Enzymes can be used instead of inorganic semiconductor nano particles or else enzymes such as PETase, cutinase or laccase that have the proven microplastic degradation ability can be coated on nanoparticle surfaces for selective destruction of relevant micro or nanoplastics. Some bacteria and fungi are known to destroy microplastics and nanoplastics. It is important to make sure that degraded products are further biodegrade eventually to carbon dioxide and water to eliminate the formation of toxic degraded products.
3. Iron oxide nano particles have magnetic properties. This can be used to remove micro or nano particles present in body via magnetic removal when the plastics are bound to magnetic nanoparticles such as magnetite.
4. Testing of bio toxicity and chemical toxicity is essential to make sure non-toxicity of the catalysts and degraded products.
Dr.

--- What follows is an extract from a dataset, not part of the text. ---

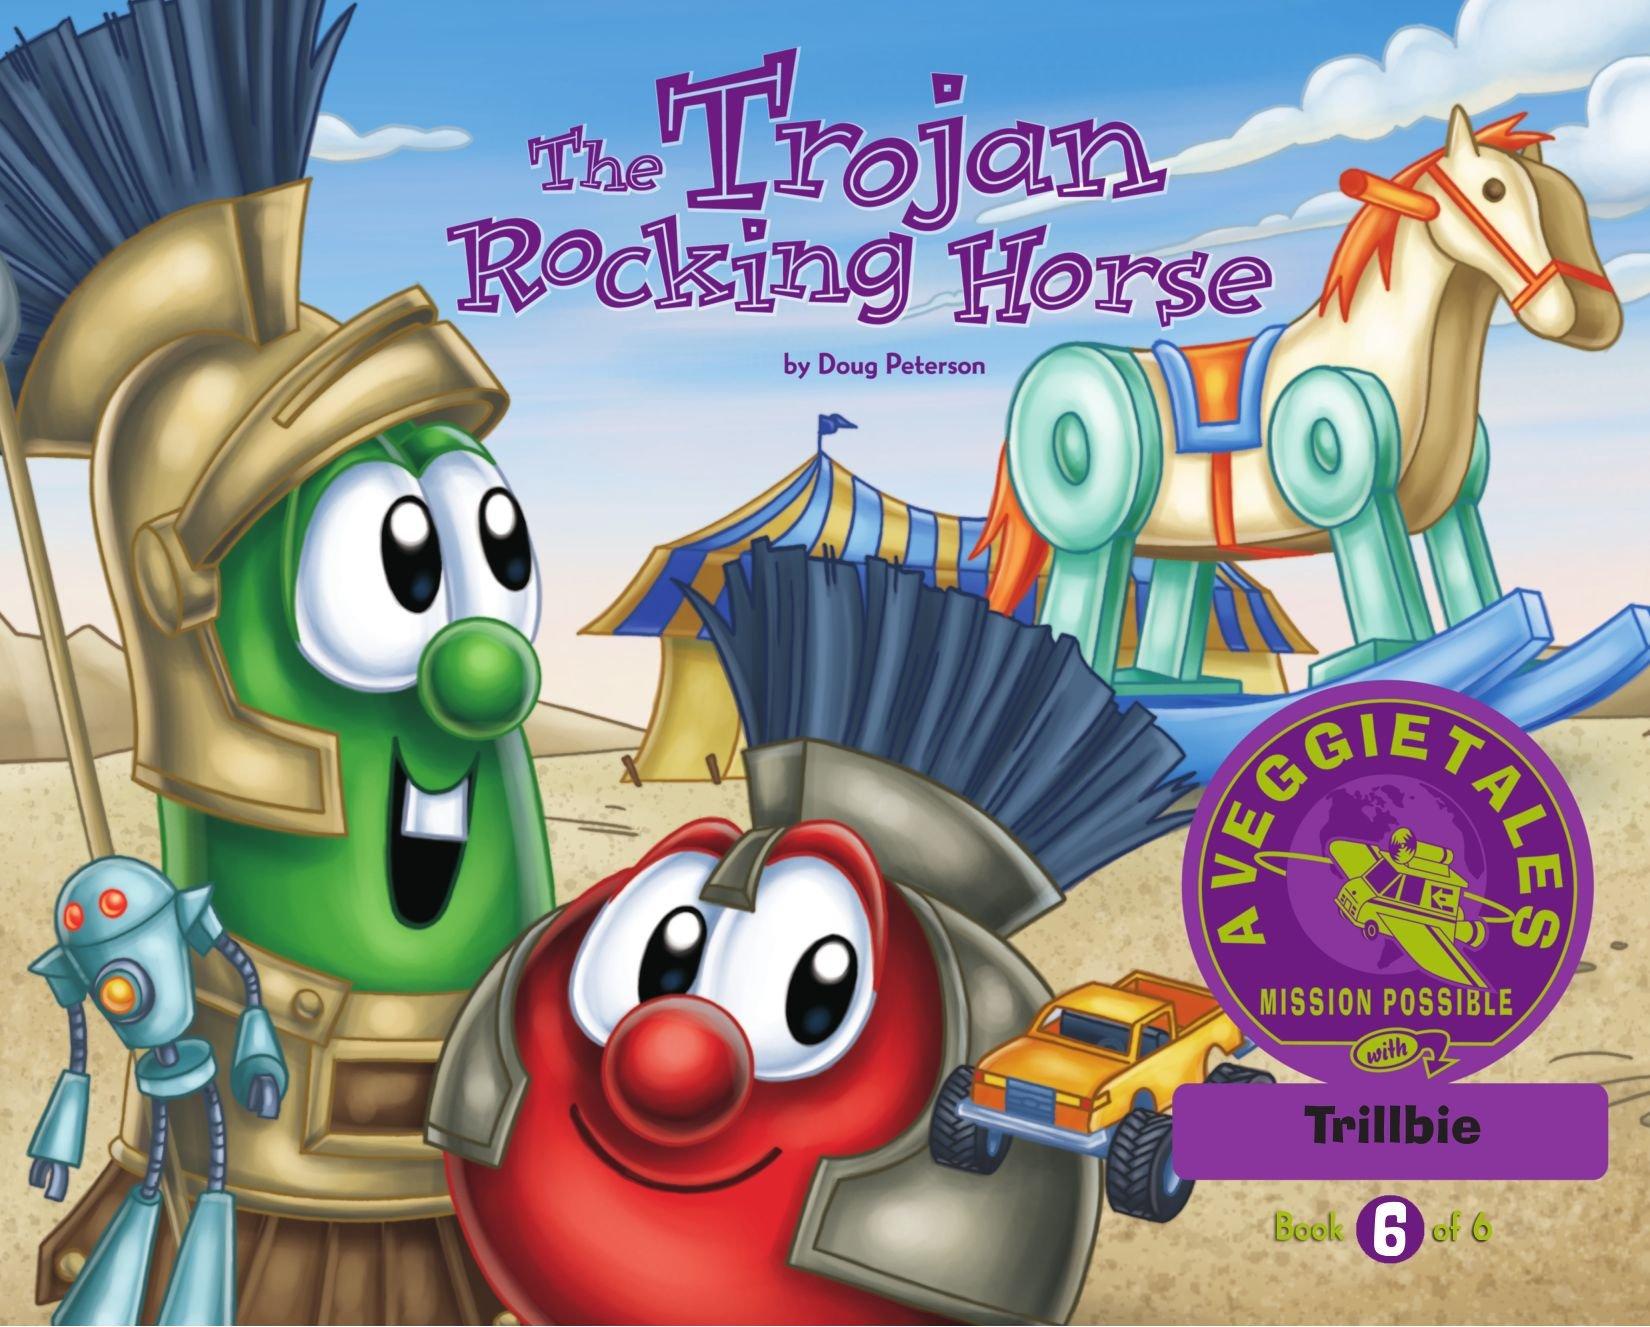 The Trojan Rocking Horse - VeggieTales Mission Possible Adventure Series #6: Personalized for Trillbie (Girl) pdf epub

VVK
Adsorption Methods: Due to the large surface area, porous activated carbon and biochar with surface functional groups (e.g., -OH, -COOH) offer a low-cost solution for microplastic bindings.
Degradation Methods: In degradation methods metal oxides play a very vital role in breaking down the microplastics upon light irradiation.
Plasmonic photocatalysis: Combining noble metal nanoparticles (Ag, Au) with photocatalytic systems enhances light absorption and degradation efficiency. Nanofiber membranes modified with surface groups (e.g., -OH, -COOH) can be used to filter microplastics.